We doen er maar beter aan om het gewoon eens hardop uit te spreken: het is nauwelijks denkbaar dat Nederland en Europa de komende jaren groeicijfers gaan meemaken waardoor de werkloosheid vanzelf gehalveerd zal worden. Misschien is ons eerste gevoel daarbij dat ‘elke baan er een is’. Vanuit die logica is Asscher ook blij met plannen die maar 0,1 % van een probleem oplossen. Maar dan onderschatten we de impact van structurele overmaat in de arbeidsmarkt (bijv. nog 15 jaar lang een half miljoen werklozen plus een even grote groep ‘te weinig werkenden’). Allereerst is er de maatschappelijke impact: de wanhoop van de werkzoekenden en de onzekerheid bij de mensen die nog wel werk hebben maar werkloosheid van dichtbij meemaken. Bij elke maatschappelijke gebeurtenis slaat de paniek toe. De komst van vluchtelingen maakt ons extra bang nu er al geen baan is voor zovelen ‘van ons’ en plaatst ons voor lastige dilemma’s: ‘eigen volk eerst’ of ‘iedereen doet mee’. Tarieven en lonen staan onder druk; werkgevers kunnen de arbeidsomstandigheden steeds verder verschralen, zolang ze ‘voor jou tien anderen’ kunnen vinden. De vakbonden zullen best nog eens een achterhoedegevecht winnen, maar uiteindelijk gaat de (geringe) vraag naar arbeid het (overvloedige) aanbod haar wil op leggen. Deze onzekerheid zal ook tot uiting komen in verkiezingsuitslagen. Toekomstige regeringen zullen geconfronteerd worden met tegenvallende afbetalingen van studieleningen. Dat mag allemaal klinken als doemdenken, maar laten we gewoon proberen om samen op een rijtje te krijgen wat het betekent als de werkloosheid in 2025 nog steeds een aanzienlijke omvang heeft.

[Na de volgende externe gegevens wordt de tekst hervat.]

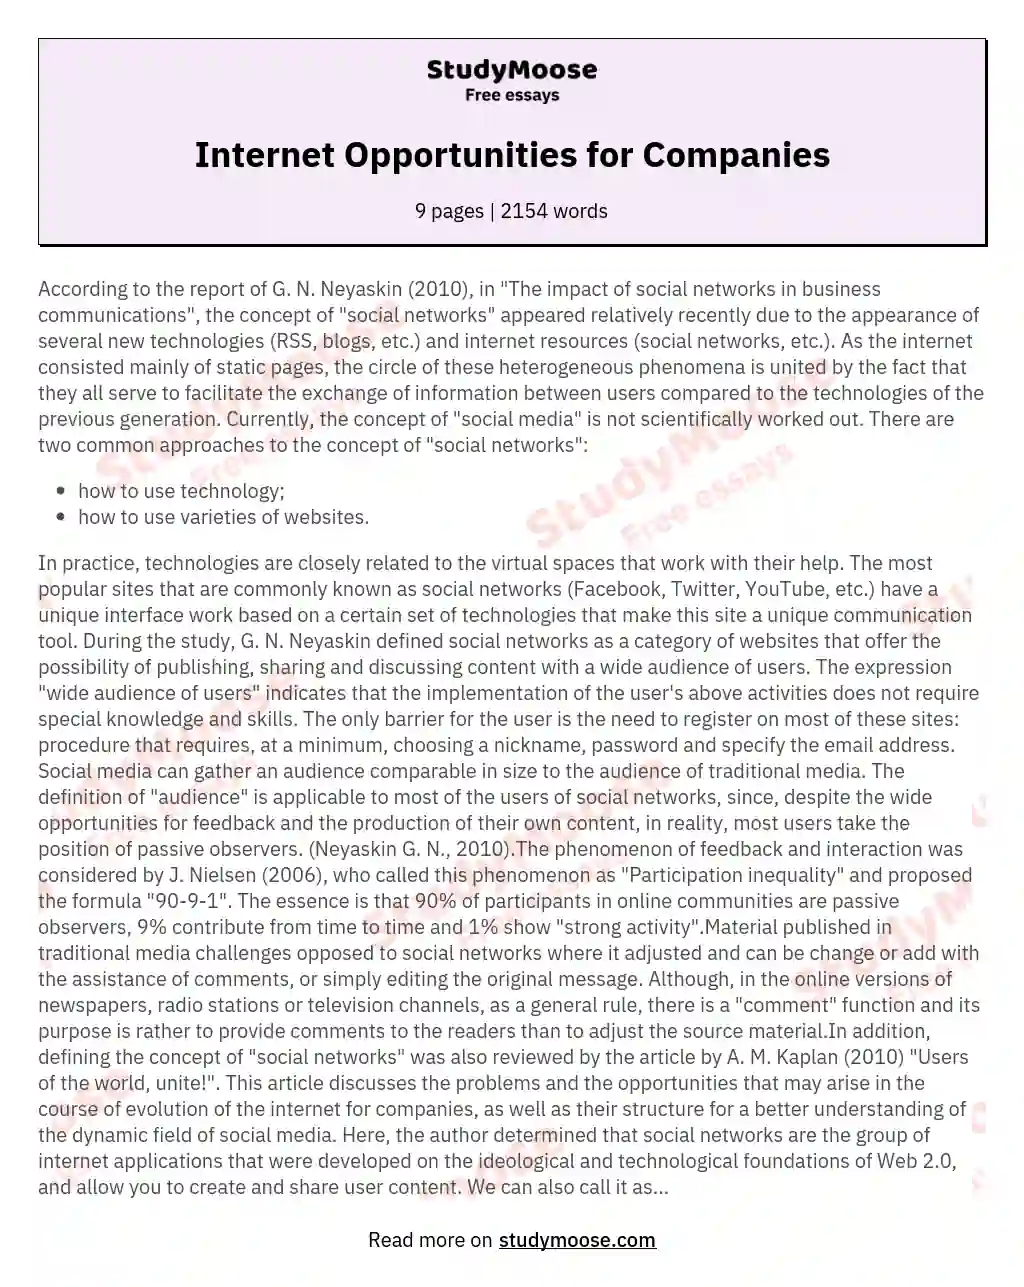 Internet Opportunities for Companies essay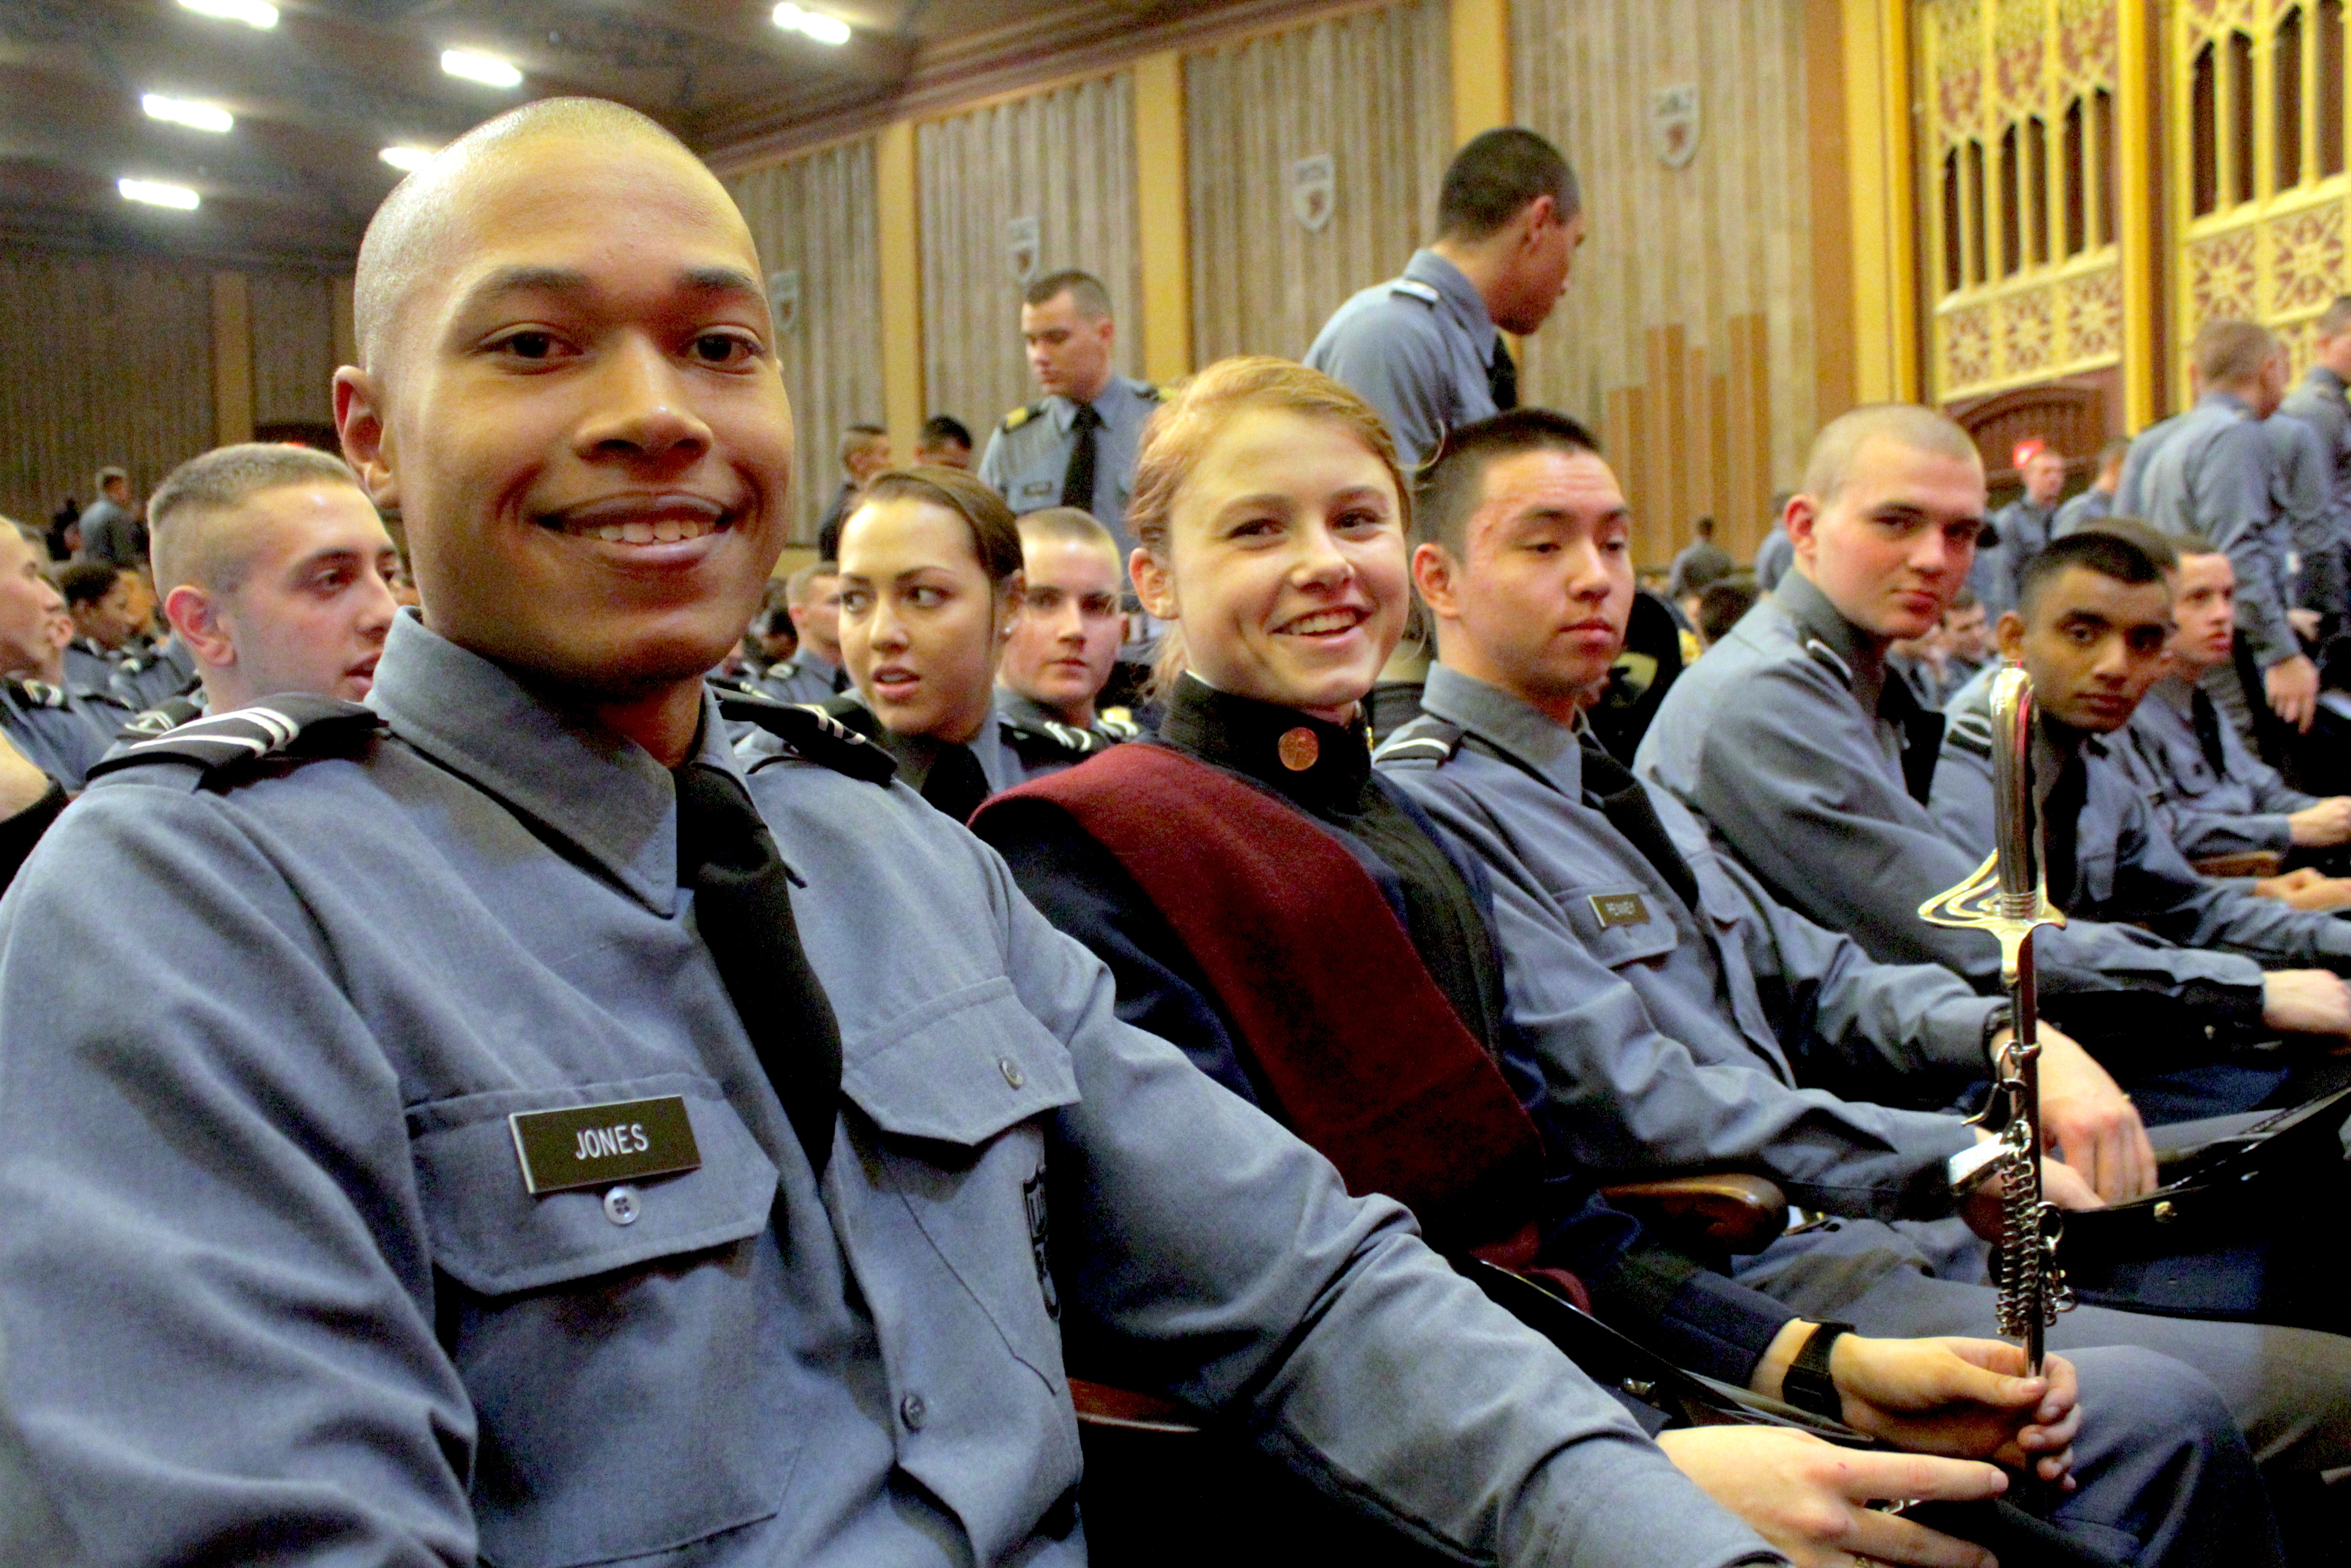 First-year cadets proudly show off their upperclassman rank and attire during Corps Lab on Shadow Day in Burruss Hall.

Natuurlijk zijn er nog steeds mensen die de vervangingsprognoses uit 2007 geloven en denken dat werkgevers iedereen die de komende jaren met pensioen gaat direct zullen vervangen door een Nederlandse professional. Maar laten we onze ogen open houden. Op de dag dat het UWV haar vacatureonderzoek publiceerde stelde de bestuursvoorzitter van Randstad dat het tijd was om 80.000 IT-ers uit het buitenland te halen. Robotoptimisten blijven – meestal zonder enige kwantitatieve onderbouwing – roepen dat er best wel heel veel banen ontstaan door de automatisering; maar ze spreken zelden uit dat het helemaal niet zo vanzelfsprekend is dat dit banen voor Nederlanders zijn. En als je ziet hoe het onderwijsveld en de Tweede Kamer omgaan met het voorstel voor de onderwijsvernieuwing van het Platform2032 (het woord ‘digitalisering’ wordt door sommige Kamerleden uitgesproken alsof het een enge ziekte betreft), dan weet je vrij zeker dat Nederland die boot gaat missen.
We hebben ons nu twee jaar door het optimisme van de ‘na de crisis komt er werk’-lobby heen moeten bijten. Ze hadden een beetje gelijk: na de crisis komt er werk. Maar er is niet genoeg werk, en zelfs als de groei nog even doorzet komt er niet genoeg werk.
Het wordt nu tijd voor een ander optimisme: het optimalisme. Als we nu eens samen gaan nadenken over optimale oplossingen dan komen we echt wel een heel eind. Er zijn nog wel wat extra mogelijkheden om massa te maken door grote, potentieel zeer rendabele klussen op te pakken. Er zijn manieren om te zorgen dat elke euro een extra rondje maakt door de Nederlandse economie voordat we er een Japanse elektronicafabrikant of een Franse skileraar blij mee maken (het verlagen van de BTW op restauratie- en herstelwerk, bij voorbeeld). En dan nog hebben we niet iedereen aan het werk en liggen er maatschappelijke (verdelings- en cohesie)vraagstukken op ons bordje. Als verstandige mensen daar nu geen energie in gaan steken is de kans niet denkbeeldig dat de volgende verkiezingen gewonnen worden door nog minder verstandige politici.
Van de groei van de economie gaat het herstel van de arbeidsmarkt hoogstens voor een beetje komen. Zoveel hebben het UWV en het CPB deze maand duidelijk gemaakt. Dat is misschien even slikken, maar geen reden voor paniek. Integendeel: we weten nu zeker dat wachten niet helpt. Tijd voor nieuwe plannen!